Today, I am opening a new section on my blog, and this time it is about analytics. As you may know, I've been working in research on IIoT and analytics for the last years, but up to now my blog has only shown my hobbyist projects. I want to change the focus of my website a little bit and add something about data analytics, machine learning, Docker technology etc. Everything that I will publishing in this section is not new. There are many tutorials and great YouTube videos that explain these topics too, but I am going to focus on building an end-to-end data science project using some of the projects that I made using MicroPython and Android Things as sensors, using Docker and the Google Cloud Platform.

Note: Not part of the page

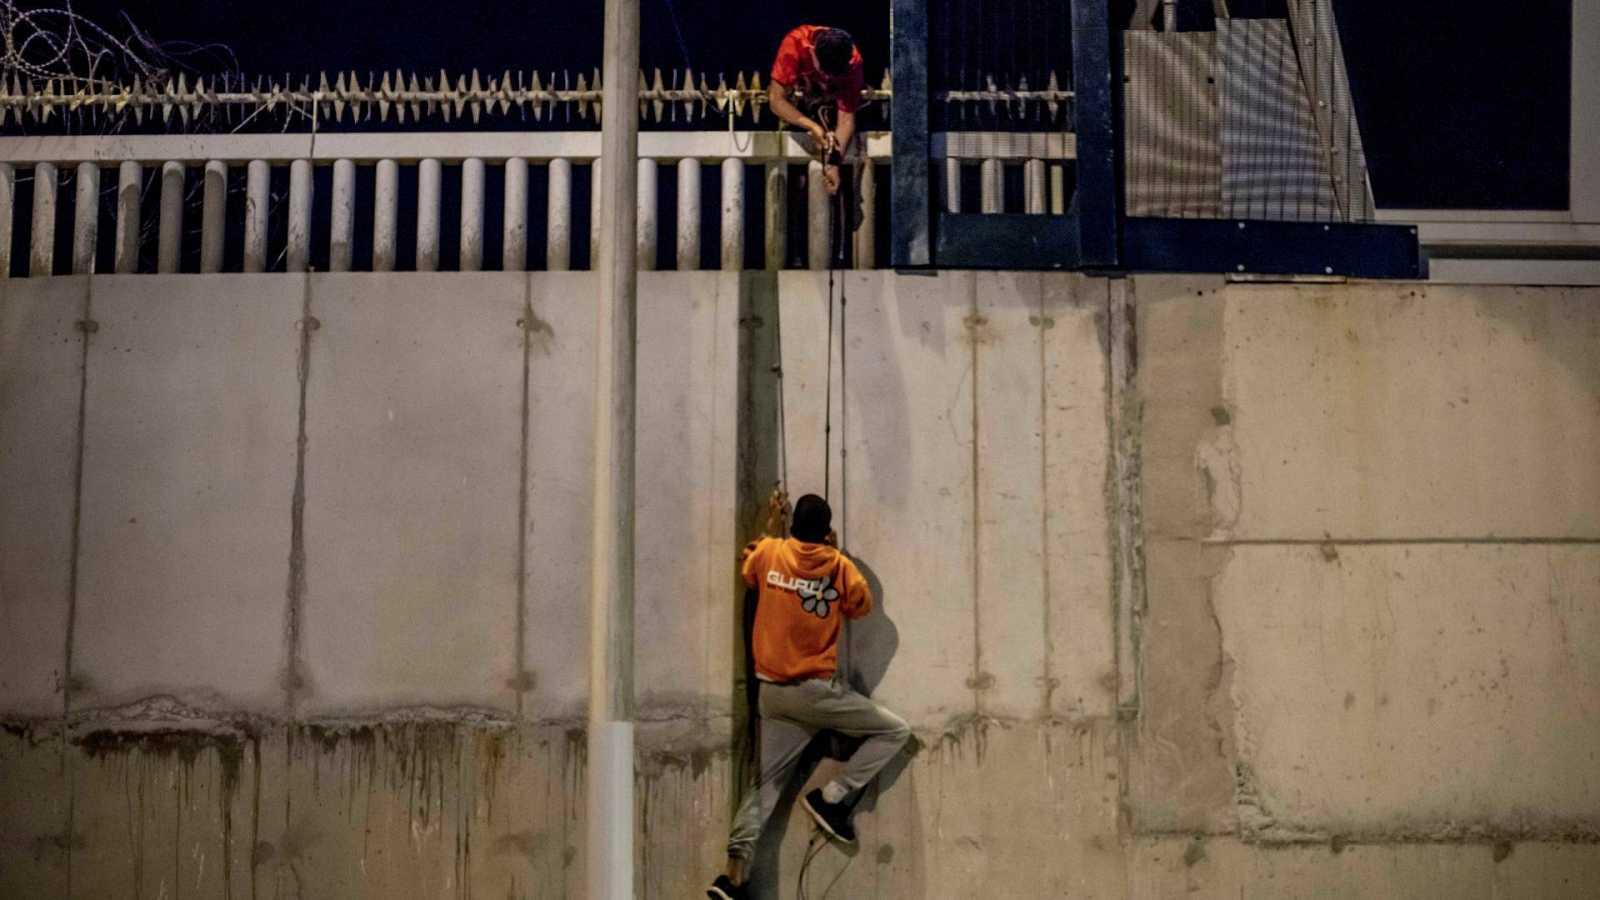 Migrantes intentan acceder al puerto comercial de Ceuta para esconderse en un barco que les lleve a la península, en mayo de 2021

This post is a short guide for using Docker as an environment for data science. Docker allows you to almost say goodbye to OS troubles and welcome to portability!
|Fig. 1: Docker|
One of the most time consuming and annoying part that you have when you try to share your work with your co-worker is to install and setup all libraries and packages of your environment, ie. if you've developed some cool algorithm or pipeline to process data and you want that your co-worker does the evaluation process, he or she needs to install all the libraries that you've locally (or in an environment) installed. You can also add as a problem, that your co-worker needs an specific version of a library that is not compatible with your code because it is an old version. Or, he/she is working on Windows and you are on Linux and you cannot find the right libraries to install on Windows. Then, your new friend should be Docker! and as I said before, say goodbye to OS troubles and welcome to portability!